● **WHAT YOU ARE ASKED TO DO**: Exact reproduction required: the lines below from the line with "Tristan and Isolde" to the line with "Saskatoon S Superior", both ends included, and no others.
··· DATASET RECORDS
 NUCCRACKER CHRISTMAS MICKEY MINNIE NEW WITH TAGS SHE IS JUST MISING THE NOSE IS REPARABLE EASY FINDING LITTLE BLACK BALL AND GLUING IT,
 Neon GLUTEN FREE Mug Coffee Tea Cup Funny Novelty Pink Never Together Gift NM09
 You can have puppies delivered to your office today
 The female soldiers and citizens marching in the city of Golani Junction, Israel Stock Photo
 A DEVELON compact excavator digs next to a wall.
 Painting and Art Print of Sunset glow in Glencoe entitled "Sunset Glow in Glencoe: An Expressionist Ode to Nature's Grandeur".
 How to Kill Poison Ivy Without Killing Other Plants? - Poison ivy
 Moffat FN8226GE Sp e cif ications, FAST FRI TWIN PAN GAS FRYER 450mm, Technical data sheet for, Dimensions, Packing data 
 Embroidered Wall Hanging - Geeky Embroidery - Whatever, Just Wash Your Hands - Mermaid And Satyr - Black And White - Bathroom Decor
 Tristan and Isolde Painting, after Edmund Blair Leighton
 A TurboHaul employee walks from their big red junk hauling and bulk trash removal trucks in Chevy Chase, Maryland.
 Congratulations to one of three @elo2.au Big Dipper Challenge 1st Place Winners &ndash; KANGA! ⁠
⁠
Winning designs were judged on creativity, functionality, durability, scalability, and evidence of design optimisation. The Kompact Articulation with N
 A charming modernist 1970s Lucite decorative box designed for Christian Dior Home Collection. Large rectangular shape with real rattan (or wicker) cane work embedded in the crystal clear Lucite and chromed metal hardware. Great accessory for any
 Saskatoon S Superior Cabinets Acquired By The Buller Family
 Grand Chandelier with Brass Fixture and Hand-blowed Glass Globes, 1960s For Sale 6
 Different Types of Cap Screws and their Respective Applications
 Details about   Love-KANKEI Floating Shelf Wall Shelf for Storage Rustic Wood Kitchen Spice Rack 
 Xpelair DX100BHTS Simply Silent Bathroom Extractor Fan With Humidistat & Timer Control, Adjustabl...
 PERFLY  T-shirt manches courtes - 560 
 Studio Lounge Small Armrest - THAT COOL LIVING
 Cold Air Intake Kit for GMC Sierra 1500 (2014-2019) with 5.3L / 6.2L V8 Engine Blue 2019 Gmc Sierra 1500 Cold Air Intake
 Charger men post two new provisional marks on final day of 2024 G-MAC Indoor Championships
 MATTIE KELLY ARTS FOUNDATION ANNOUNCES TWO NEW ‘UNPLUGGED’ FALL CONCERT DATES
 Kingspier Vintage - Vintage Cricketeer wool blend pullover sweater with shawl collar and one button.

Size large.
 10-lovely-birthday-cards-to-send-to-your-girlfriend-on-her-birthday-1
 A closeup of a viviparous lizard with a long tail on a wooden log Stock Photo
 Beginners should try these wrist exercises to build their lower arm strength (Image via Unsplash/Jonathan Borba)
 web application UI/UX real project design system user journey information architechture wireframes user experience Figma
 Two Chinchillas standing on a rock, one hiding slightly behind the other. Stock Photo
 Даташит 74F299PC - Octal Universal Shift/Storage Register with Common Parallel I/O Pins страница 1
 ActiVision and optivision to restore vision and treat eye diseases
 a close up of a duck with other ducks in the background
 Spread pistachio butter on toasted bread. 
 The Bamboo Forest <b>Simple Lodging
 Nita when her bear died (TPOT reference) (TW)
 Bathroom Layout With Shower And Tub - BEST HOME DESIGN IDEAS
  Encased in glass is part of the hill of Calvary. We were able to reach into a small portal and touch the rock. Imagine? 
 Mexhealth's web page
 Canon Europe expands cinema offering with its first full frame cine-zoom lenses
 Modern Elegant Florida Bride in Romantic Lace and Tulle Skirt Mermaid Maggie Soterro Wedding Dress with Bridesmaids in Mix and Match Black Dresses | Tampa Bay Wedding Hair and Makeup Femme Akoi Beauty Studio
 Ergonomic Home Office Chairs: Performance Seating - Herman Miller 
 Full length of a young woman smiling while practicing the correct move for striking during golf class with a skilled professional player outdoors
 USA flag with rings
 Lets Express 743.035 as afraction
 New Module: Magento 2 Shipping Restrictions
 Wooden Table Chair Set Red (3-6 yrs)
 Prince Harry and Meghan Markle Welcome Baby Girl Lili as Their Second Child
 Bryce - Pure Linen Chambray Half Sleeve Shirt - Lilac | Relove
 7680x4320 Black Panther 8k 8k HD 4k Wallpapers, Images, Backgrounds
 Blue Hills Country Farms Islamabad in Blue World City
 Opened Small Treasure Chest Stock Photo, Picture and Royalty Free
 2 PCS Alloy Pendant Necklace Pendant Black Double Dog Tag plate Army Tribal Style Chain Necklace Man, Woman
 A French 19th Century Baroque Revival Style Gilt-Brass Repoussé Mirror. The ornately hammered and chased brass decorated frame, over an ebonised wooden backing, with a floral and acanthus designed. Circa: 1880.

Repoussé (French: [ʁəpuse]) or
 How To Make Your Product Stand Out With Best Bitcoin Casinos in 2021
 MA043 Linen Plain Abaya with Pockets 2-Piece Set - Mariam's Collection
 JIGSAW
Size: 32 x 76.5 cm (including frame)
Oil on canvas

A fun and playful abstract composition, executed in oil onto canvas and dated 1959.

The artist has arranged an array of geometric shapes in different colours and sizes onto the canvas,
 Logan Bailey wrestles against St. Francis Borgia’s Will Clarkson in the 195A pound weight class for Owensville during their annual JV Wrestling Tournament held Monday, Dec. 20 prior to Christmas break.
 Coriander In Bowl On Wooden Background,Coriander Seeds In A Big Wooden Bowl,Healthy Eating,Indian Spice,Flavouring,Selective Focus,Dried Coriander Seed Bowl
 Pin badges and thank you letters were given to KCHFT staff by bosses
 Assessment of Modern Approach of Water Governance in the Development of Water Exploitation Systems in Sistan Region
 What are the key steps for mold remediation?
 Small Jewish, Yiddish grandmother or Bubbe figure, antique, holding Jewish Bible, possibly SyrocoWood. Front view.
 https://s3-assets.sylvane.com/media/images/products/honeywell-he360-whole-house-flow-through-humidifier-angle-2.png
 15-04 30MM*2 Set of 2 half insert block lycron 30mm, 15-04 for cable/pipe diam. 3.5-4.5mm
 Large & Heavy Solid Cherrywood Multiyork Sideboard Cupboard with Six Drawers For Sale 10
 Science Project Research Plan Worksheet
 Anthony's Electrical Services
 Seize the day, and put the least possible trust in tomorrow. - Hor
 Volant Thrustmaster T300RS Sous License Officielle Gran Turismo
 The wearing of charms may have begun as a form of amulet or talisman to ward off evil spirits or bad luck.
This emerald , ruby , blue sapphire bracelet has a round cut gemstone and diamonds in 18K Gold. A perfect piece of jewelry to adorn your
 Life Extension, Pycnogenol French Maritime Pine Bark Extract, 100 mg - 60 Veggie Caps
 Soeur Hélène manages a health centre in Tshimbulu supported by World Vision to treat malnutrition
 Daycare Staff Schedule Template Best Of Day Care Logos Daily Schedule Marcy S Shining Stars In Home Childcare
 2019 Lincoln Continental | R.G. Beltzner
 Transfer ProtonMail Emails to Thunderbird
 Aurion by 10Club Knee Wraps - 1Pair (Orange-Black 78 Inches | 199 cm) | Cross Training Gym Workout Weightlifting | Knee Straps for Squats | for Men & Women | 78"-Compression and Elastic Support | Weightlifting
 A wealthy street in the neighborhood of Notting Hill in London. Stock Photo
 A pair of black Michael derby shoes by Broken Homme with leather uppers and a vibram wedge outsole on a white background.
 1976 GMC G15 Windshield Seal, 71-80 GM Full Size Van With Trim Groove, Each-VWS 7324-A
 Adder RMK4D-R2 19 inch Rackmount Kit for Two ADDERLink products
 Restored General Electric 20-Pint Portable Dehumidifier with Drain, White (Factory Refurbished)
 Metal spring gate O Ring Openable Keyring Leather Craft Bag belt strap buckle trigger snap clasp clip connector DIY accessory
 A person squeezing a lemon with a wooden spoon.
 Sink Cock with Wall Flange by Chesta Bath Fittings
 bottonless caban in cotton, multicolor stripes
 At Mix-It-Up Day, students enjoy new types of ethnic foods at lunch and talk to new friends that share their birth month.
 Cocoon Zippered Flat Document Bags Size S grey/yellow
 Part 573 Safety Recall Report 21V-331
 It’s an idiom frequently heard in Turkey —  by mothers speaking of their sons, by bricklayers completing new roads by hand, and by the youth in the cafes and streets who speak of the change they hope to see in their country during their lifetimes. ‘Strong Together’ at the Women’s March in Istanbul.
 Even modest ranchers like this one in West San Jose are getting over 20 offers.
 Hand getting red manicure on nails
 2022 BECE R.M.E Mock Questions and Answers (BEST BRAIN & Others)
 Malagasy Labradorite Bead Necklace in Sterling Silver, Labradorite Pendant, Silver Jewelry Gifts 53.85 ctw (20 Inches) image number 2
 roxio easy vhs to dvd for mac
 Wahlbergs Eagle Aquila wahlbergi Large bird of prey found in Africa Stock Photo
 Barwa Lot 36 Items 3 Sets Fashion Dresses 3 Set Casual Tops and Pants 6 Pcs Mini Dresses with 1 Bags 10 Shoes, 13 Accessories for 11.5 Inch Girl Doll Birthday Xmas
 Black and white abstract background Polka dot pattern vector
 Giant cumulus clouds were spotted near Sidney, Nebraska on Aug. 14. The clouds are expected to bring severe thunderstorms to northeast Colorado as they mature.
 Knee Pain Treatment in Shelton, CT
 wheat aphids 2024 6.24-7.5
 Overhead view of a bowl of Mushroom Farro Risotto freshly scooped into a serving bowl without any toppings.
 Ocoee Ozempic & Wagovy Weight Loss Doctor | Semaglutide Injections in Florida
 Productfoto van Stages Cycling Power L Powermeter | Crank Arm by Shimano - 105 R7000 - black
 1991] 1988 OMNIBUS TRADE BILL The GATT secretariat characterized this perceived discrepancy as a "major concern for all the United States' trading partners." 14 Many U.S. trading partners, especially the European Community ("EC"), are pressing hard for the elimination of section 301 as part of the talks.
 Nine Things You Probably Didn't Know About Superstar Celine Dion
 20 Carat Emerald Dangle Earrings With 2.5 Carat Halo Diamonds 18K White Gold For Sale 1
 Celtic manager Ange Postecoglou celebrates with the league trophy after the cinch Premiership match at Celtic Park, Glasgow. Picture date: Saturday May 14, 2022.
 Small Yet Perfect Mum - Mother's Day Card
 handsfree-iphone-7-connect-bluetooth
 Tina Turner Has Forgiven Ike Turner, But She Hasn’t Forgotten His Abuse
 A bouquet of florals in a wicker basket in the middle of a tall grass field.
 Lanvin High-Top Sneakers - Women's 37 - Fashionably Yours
······
● **FINISHED EXERCISE**:
 Tristan and Isolde Painting, after Edmund Blair Leighton
 A TurboHaul employee walks from their big red junk hauling and bulk trash removal trucks in Chevy Chase, Maryland.
 Congratulations to one of three @elo2.au Big Dipper Challenge 1st Place Winners &ndash; KANGA! ⁠
⁠
Winning designs were judged on creativity, functionality, durability, scalability, and evidence of design optimisation. The Kompact Articulation with N
 A charming modernist 1970s Lucite decorative box designed for Christian Dior Home Collection. Large rectangular shape with real rattan (or wicker) cane work embedded in the crystal clear Lucite and chromed metal hardware. Great accessory for any
 Saskatoon S Superior Cabinets Acquired By The Buller Family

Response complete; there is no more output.